A small voice added another amen to
mine. I looked up and saw the thin kid, his elbows bent, his head resting on
his hand. I peered through the semidarkness to see his face, wondering if he
was sounding me. But his face was like mine,
looking for help from God. There we
were, he lying down, head on bended elbows, and I still on my knees. No one spoke for a long while. Then the kid whispered, “I believe in Dios
also. Maybe you don’t believe it, but I
used to go to church and I had the hand of God upon me. I felt always like you and I feel now warm,
quiet and peaceful like there’s no suffering in our hearts.” What is he called,
“It’s called Grace by the Power of
the Holy Spirit,” the kid said.
We celebrate the beginning on this Feast of Pentecost. This feast
has its origins in the ancient Jewish feast of Weeks which commemorated the
harvest the gift of God the beginning of blessings for a people. The early Church celebrated the gift that
their God gave them – God’s presence – God’s power – God’s love. It was the
gift of the harvest that nourished the ancients and help them to live – it is
the Gift of God’s presence – God’s spirit that enables us to be Church and to
be nourished and full of life.
That early community that we witness in the first reading
were people who accepted the gift of God’s presence. In spite of fear – in
spite of confusion and differences they said Yes to that presence. They wanted
to be made whole.
The result – which we see in the story the unfolds – the
story of the Acts of the Apostles that we have reading in this Easter time is
that they become transformed and they are healed and they heal others. They
have courage and they give courage to others. They are filled with peace and
give that peace to others. It is their realization and acceptance of God’s
presence with them that makes them church – that makes them one. They are cured of their illnesses – the
illness, the sickness of not being whole.

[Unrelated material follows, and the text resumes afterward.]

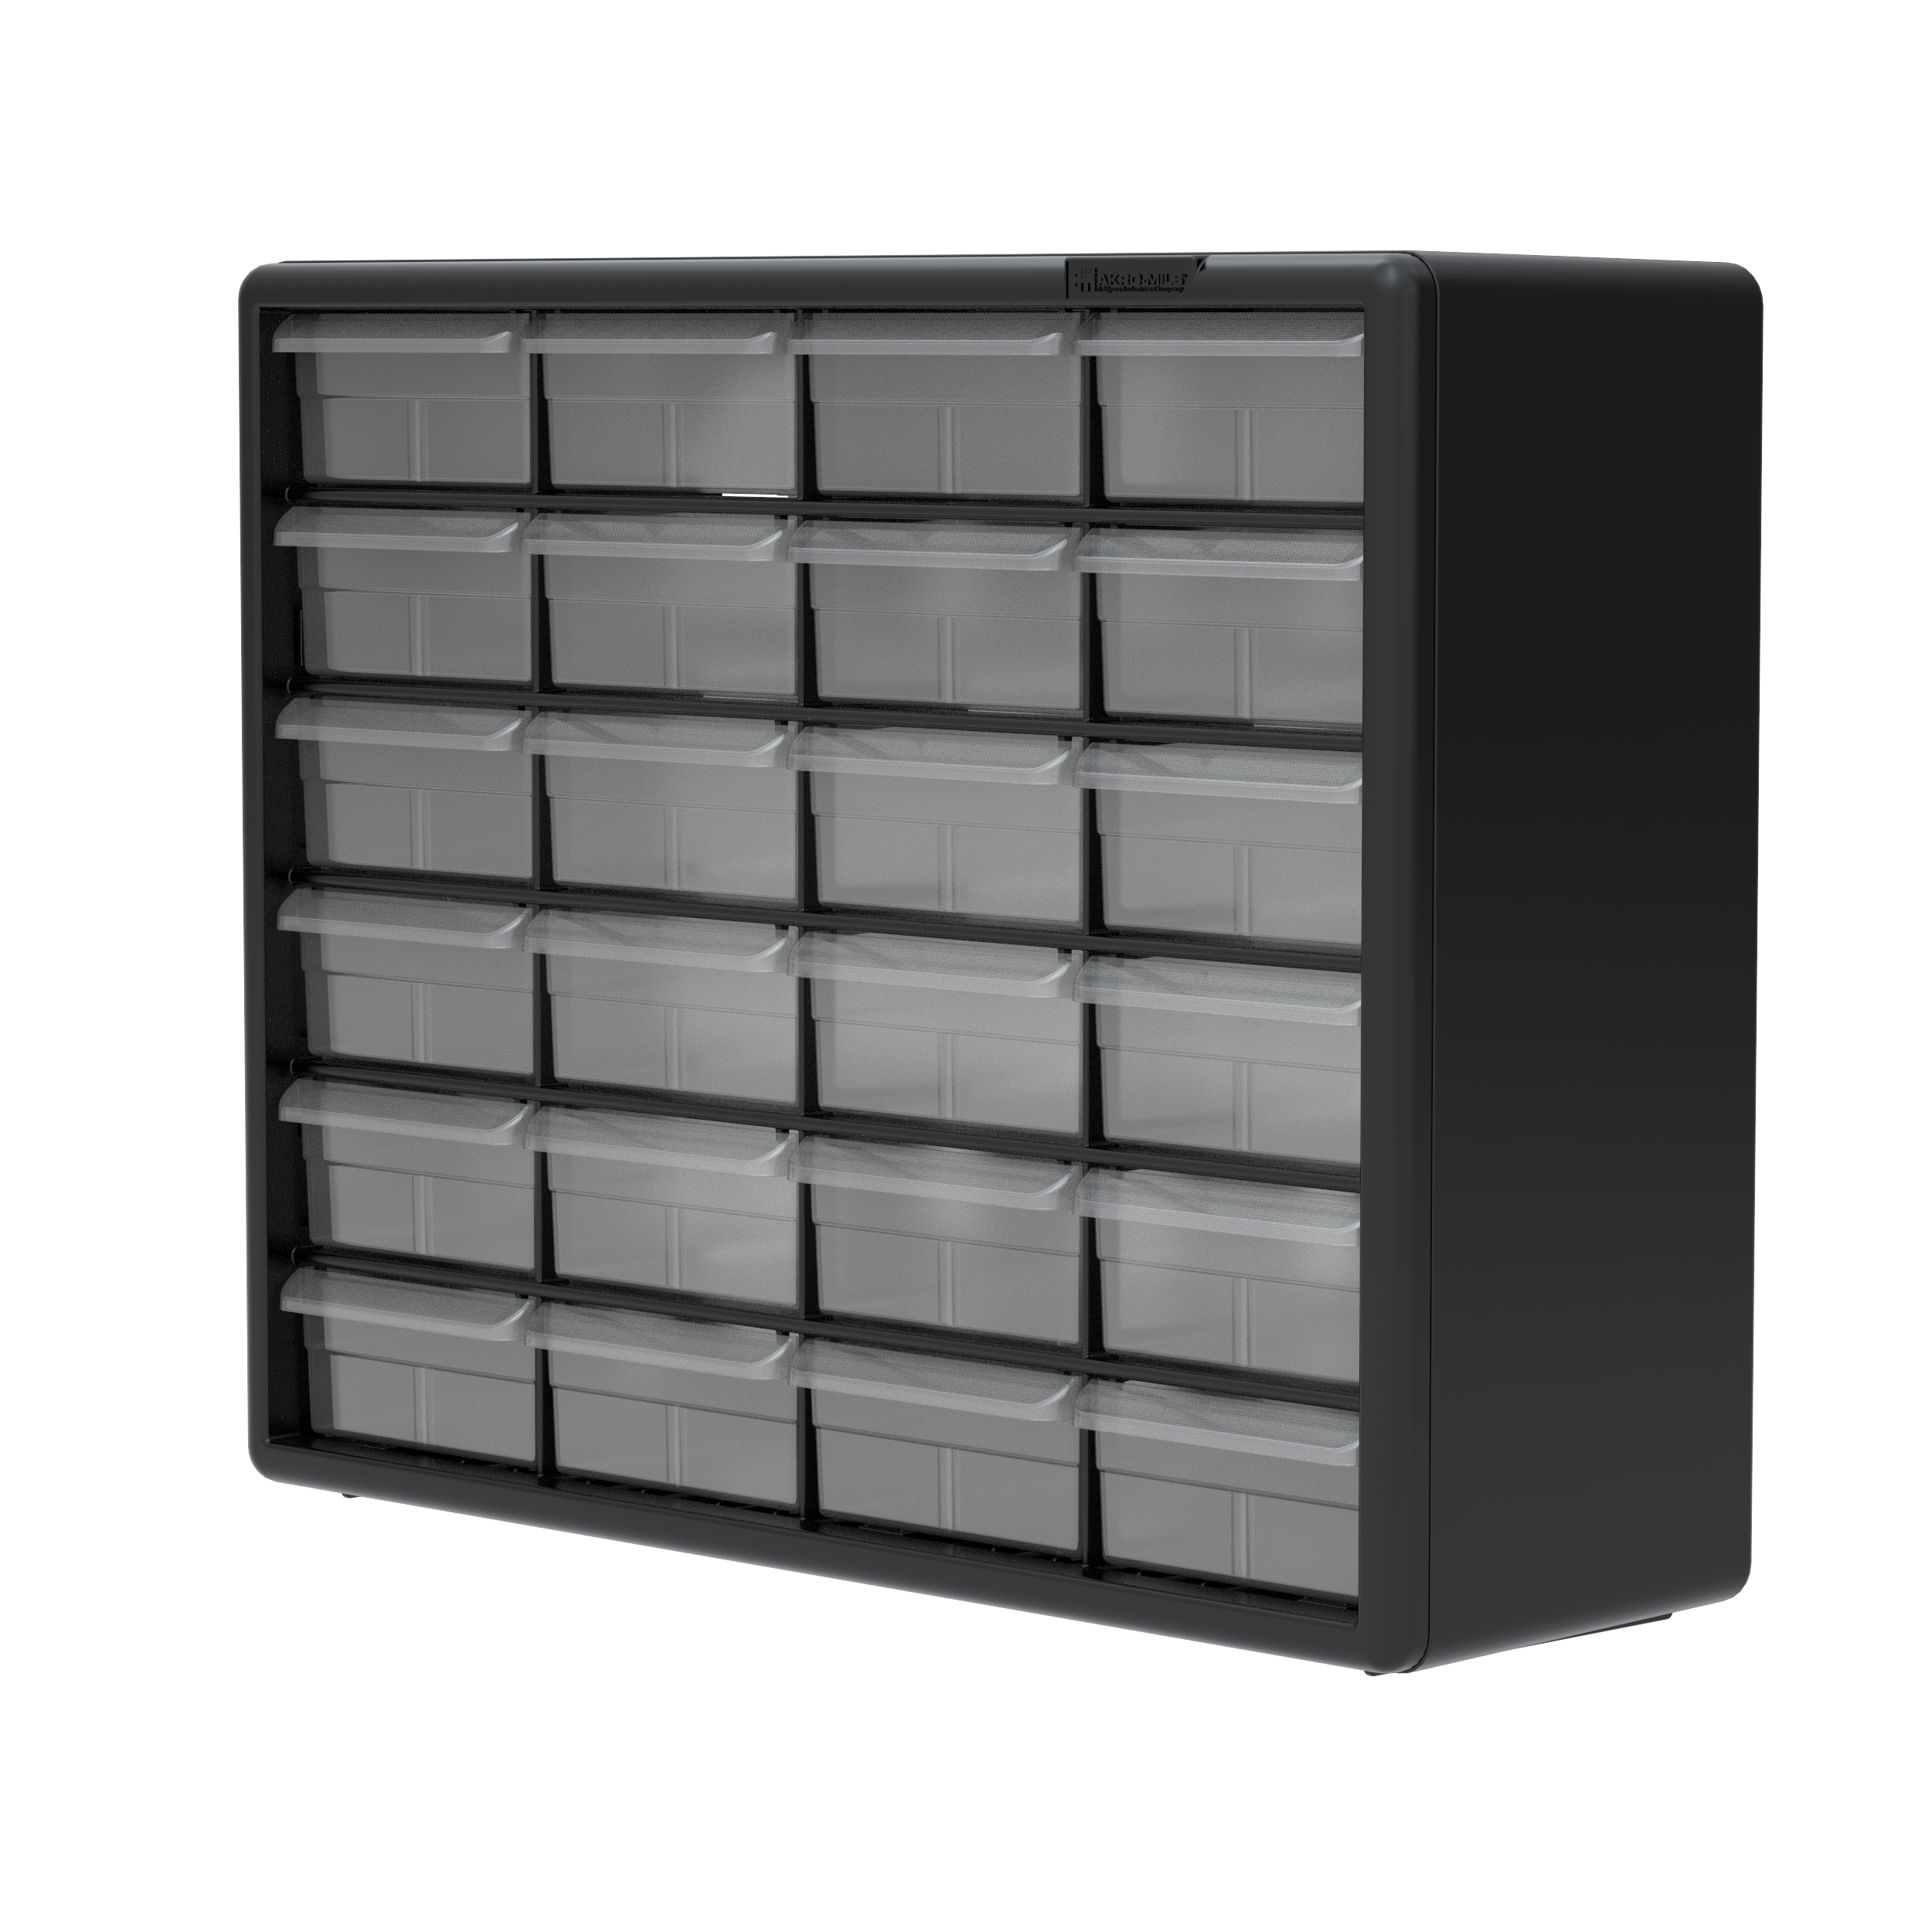 Akro-Mils 24 Drawer Plastic Storage Organizer with Drawers for Hardware,  Small Parts, Craft Supplies

William Sloane Coffin the minister, author, prophet and
peacemaker says in his book Credo, that the central problem of the Christian
church in America today is that most of us fear the cure more than the illness.
“Most of us,” he says, “prefer the plausible lie that we can’t be cured to the
fantastic truth that we can be. And there’s a reason: if it’s hell to be guilty,
it’s certainly scarier to be responsible – response-able, able to respond to
God’s visionary and creative love. No longer paralyzed, our arms would be free
to embrace the outcast and the enemy, the most confirmed addict….No longer
paralyzed,our feet would be free to walk out of any job that is harmful to
others and meaningless to us, free even to walk that lonesome valley with out
fear of evil. Everything is possible to
those whose eyes, no longer fixed on some status symbol or other, are held
instead by the gaze of him who can dispense freedom and life in measures
unheard of….And alas, whether they occupy pulpits or sit in the pews, most
American Christians are sill on the pallet (like the paralytic in the Gospel
story). Like the paralytic, they know they are sinners…But lacking his will to
be cured, lacking the courage to be well, they do not seek the forgiveness that
offers a new way of life.”
The early crowd that we read about in our reading today –
those Pentecost Christians did not fear the cure.

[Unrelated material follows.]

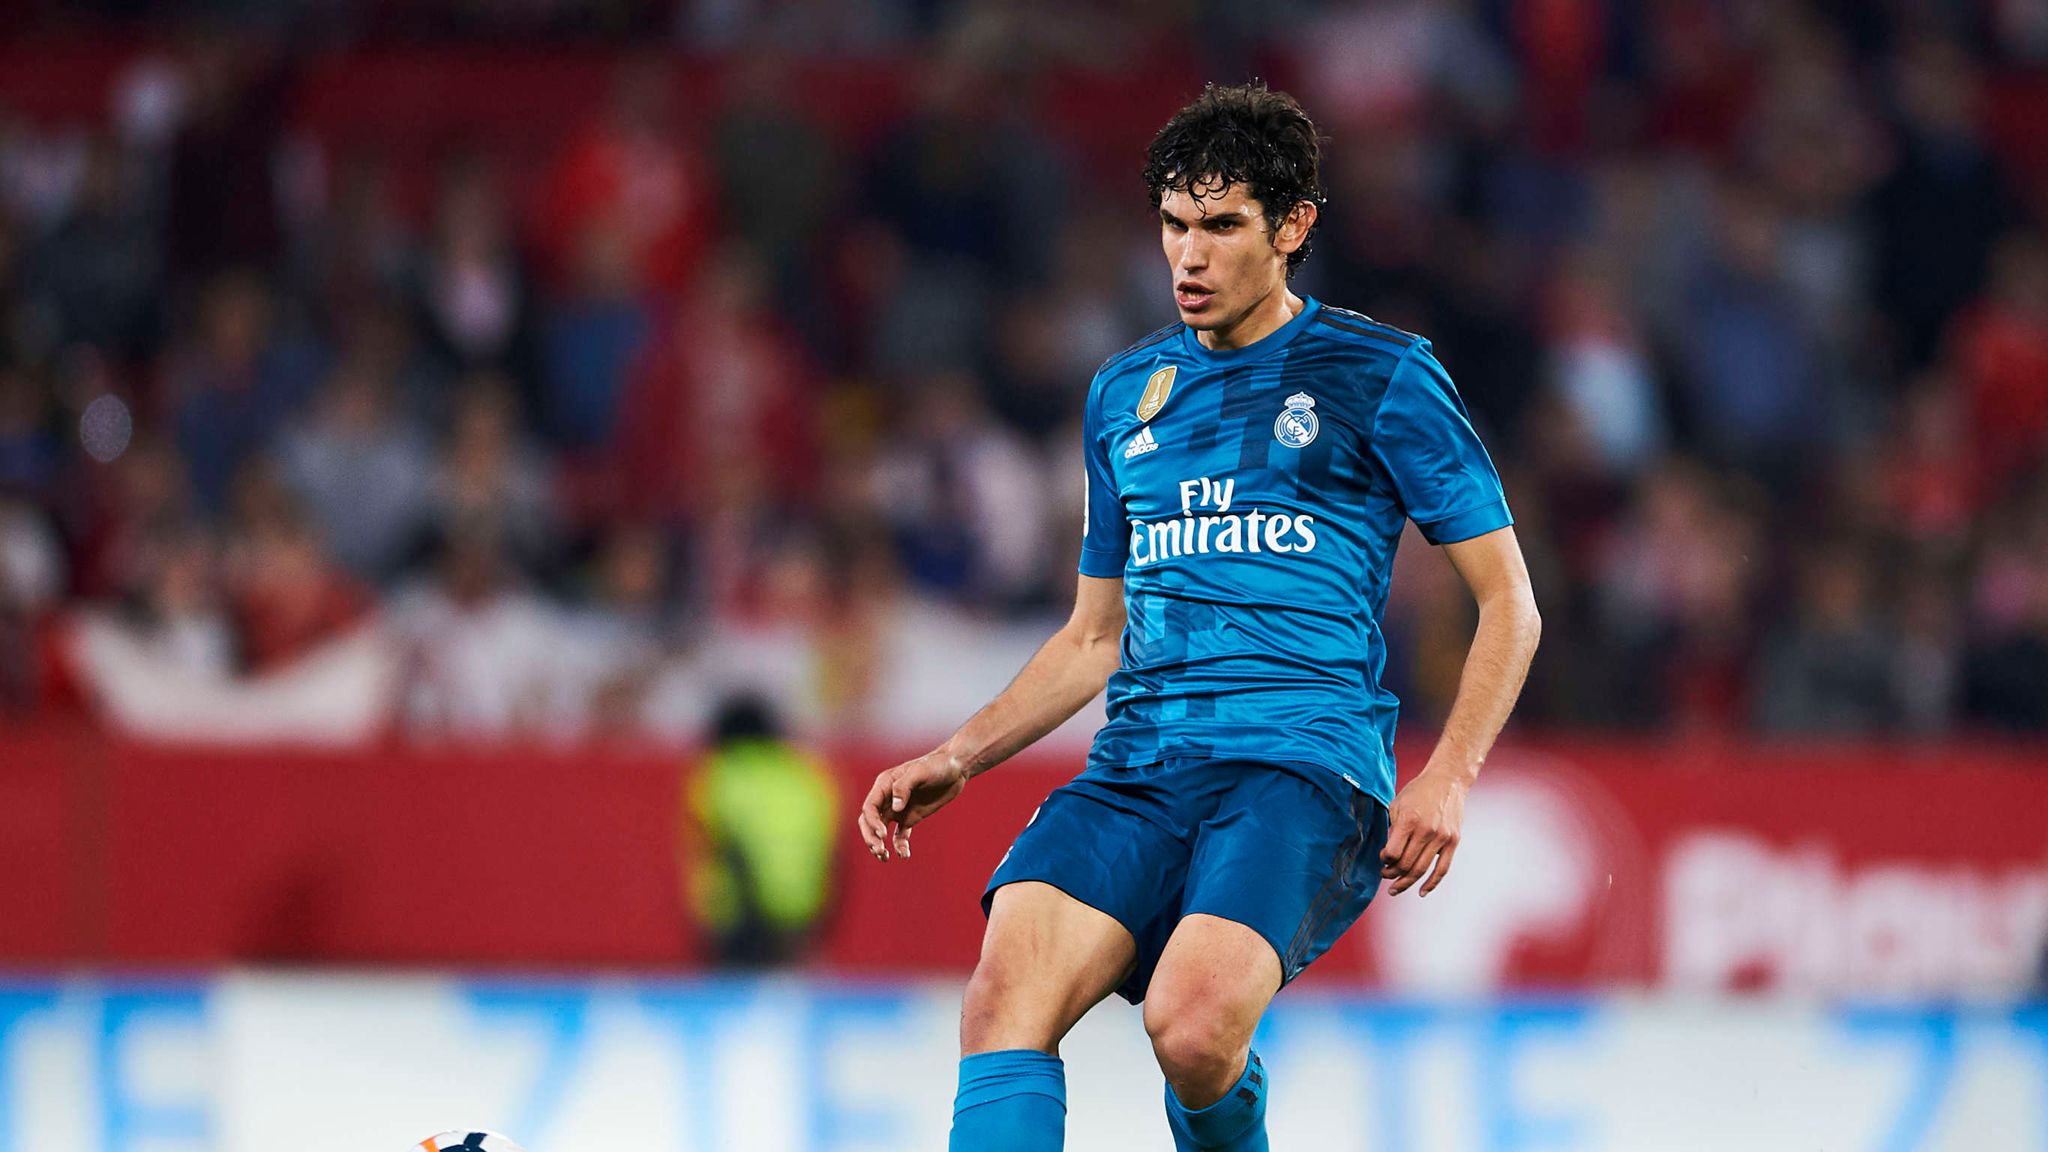 Vallejo set to join Granada on loan deal -report - Managing Madrid

We gather to celebrate not just the end of the Easter season
or the beginning of summer. We gather not just for ritual but for
transformation. We would be followers of Jesus and children of God who know we
are loved and believe that we are visited by our loving God.
And this would cure us of that which gets in the way of our
living our baptisms.
This would make it possible for us to love not just when it
is easy but when it challenges us of makes us afraid.
It would make it possible for us to be peacemakers even when
there is risk involved.
It would make it possible for us to understand one another
even when we are very different.
It would make it possible for us to be church not just be in
church or a member of the church.
Let us, like the early crowd gather in
Let us be then say “yes” and be church.